Data below:

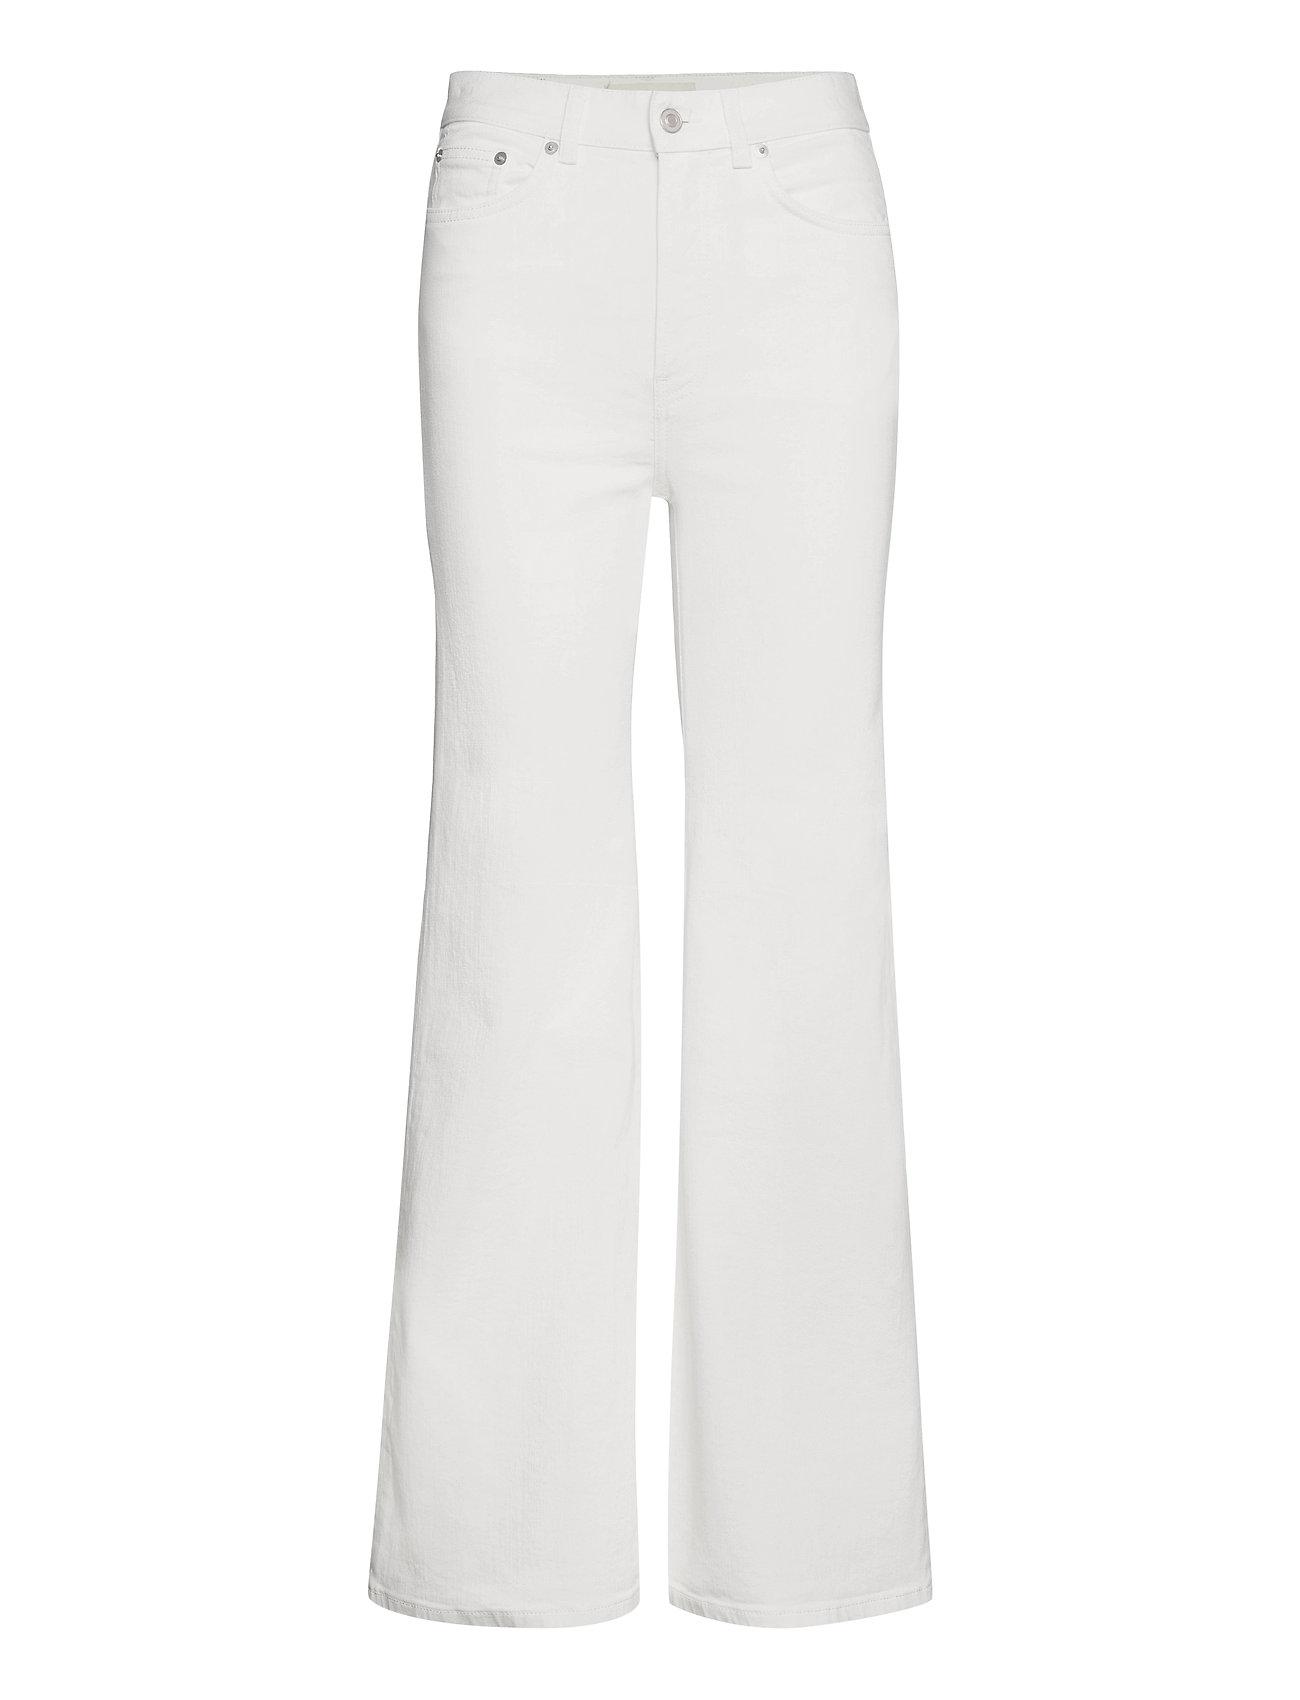 Jeanerica - FW007 - schlaghosen - natural white - 1
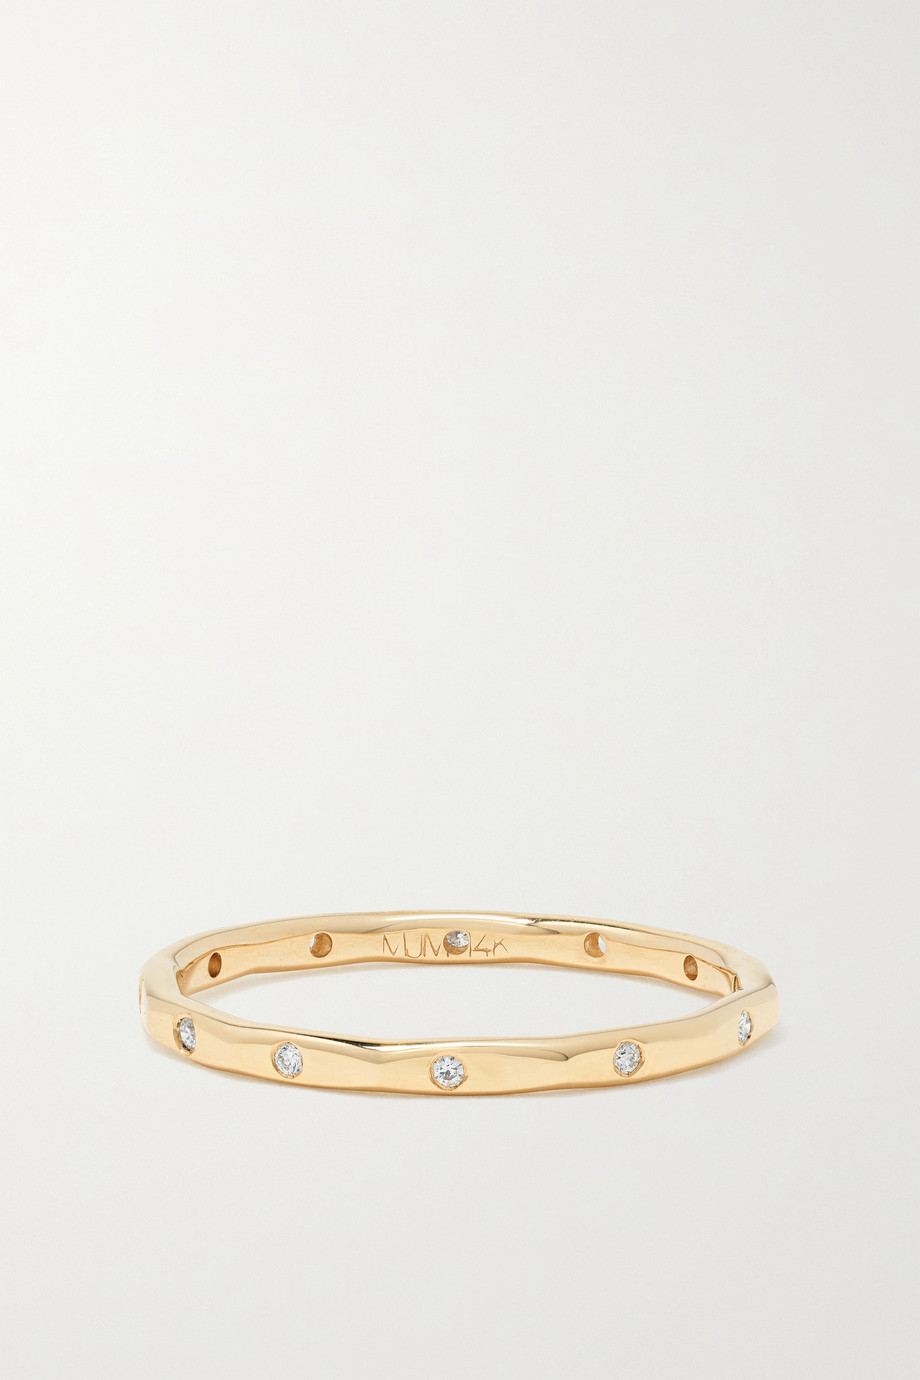 Melissa Joy Manning Ring aus 14 Karat Gold mit Diamanten
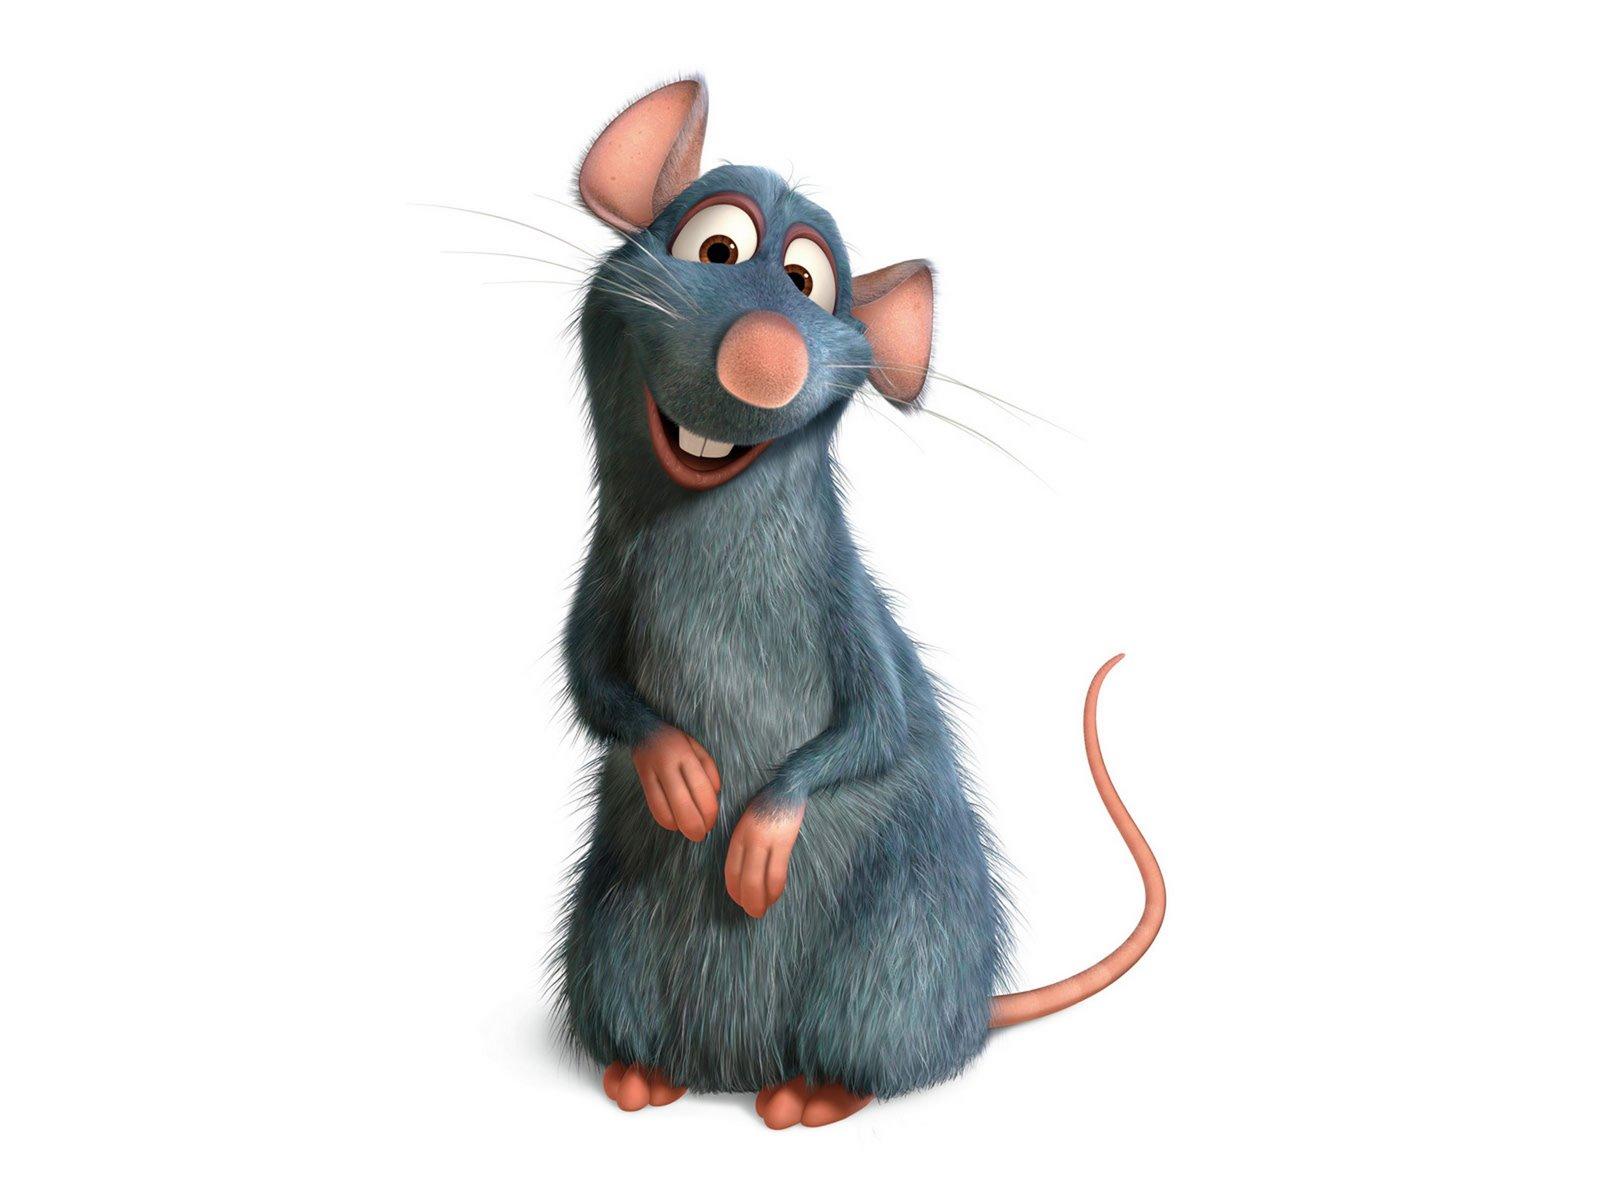 http://2.bp.blogspot.com/_WgPlX9w8B0k/TRyGUebAs4I/AAAAAAAAAf0/n3Cy2wNuMfY/s1600/Ratatouille.jpg
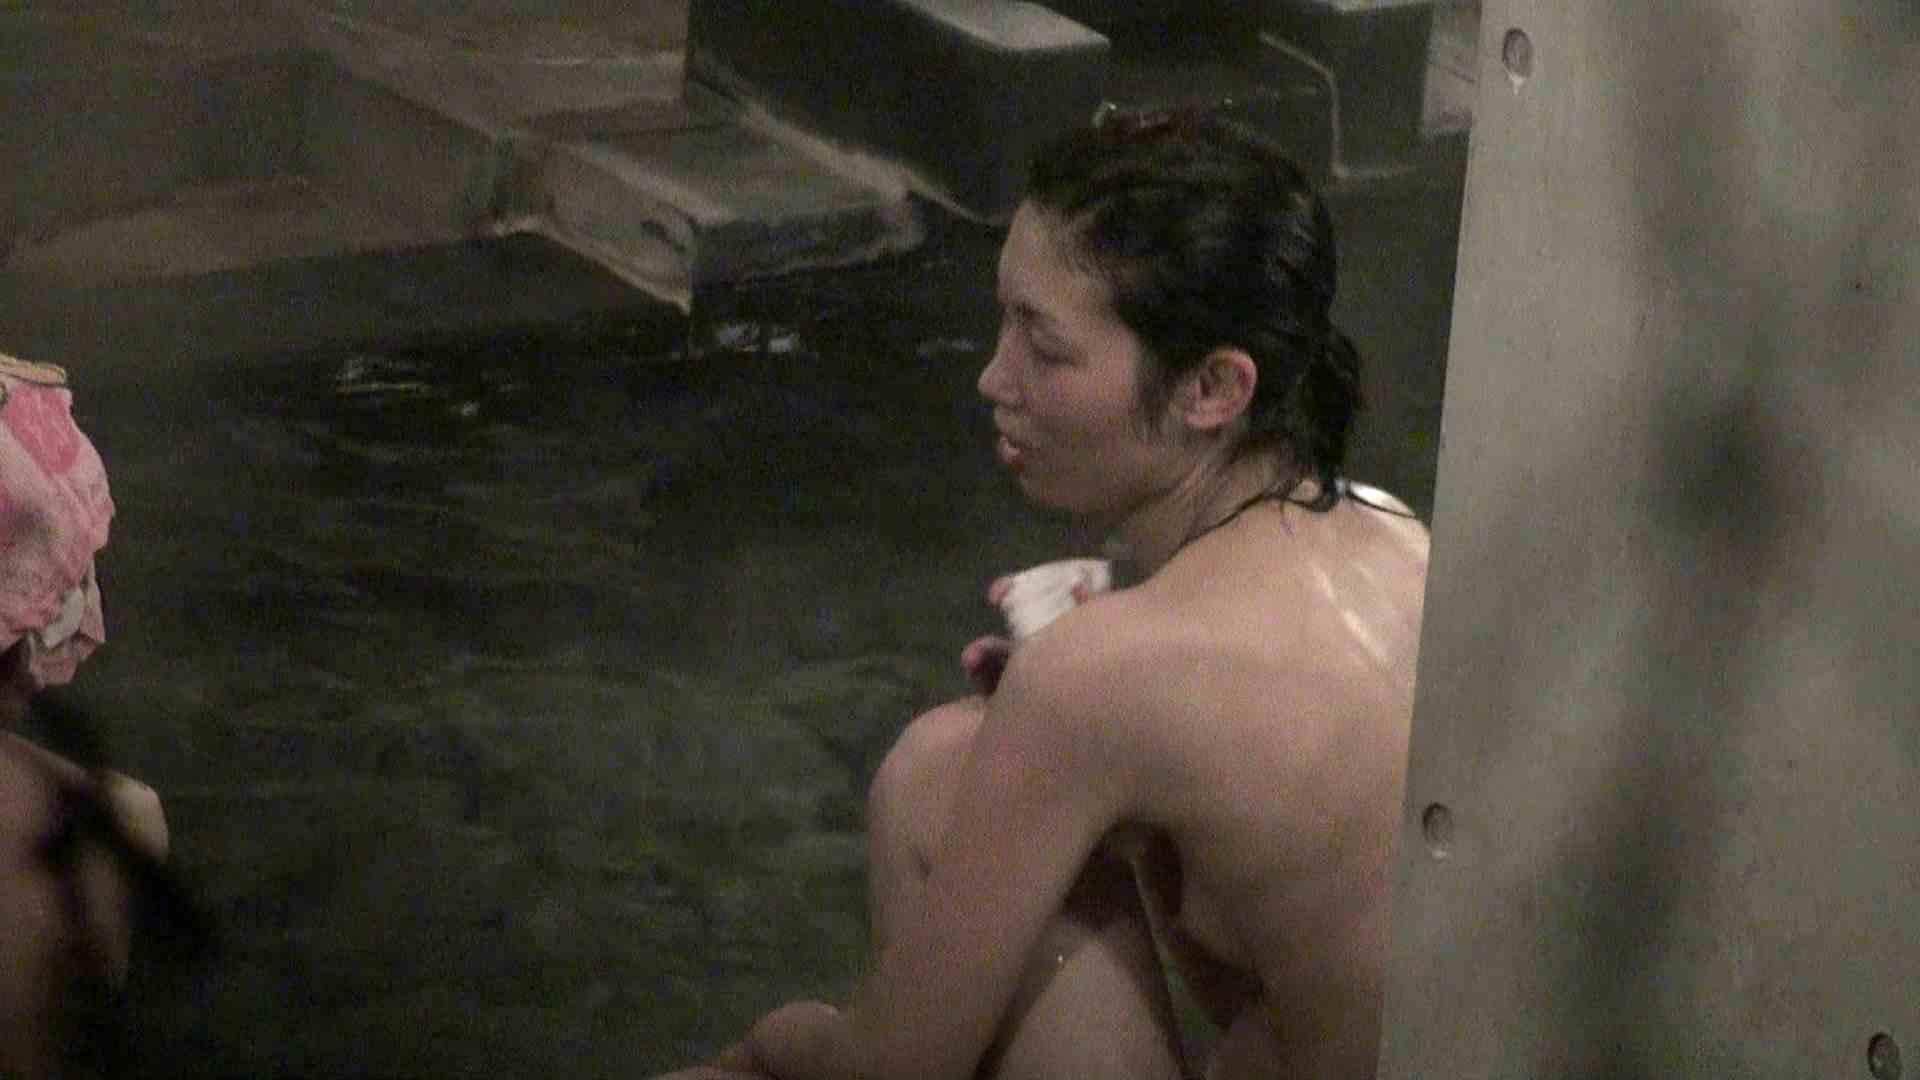 Aquaな露天風呂Vol.399 0   0  81連発 67

End of Data.

What is required
Would you give the data above again word for word, skipping any images?

Solution
 Jeanerica - FW007 - schlaghosen - natural white - 1
 Melissa Joy Manning Ring aus 14 Karat Gold mit Diamanten
 http://2.bp.blogspot.com/_WgPlX9w8B0k/TRyGUebAs4I/AAAAAAAAAf0/n3Cy2wNuMfY/s1600/Ratatouille.jpg
 Aquaな露天風呂Vol.399 0   0  81連発 67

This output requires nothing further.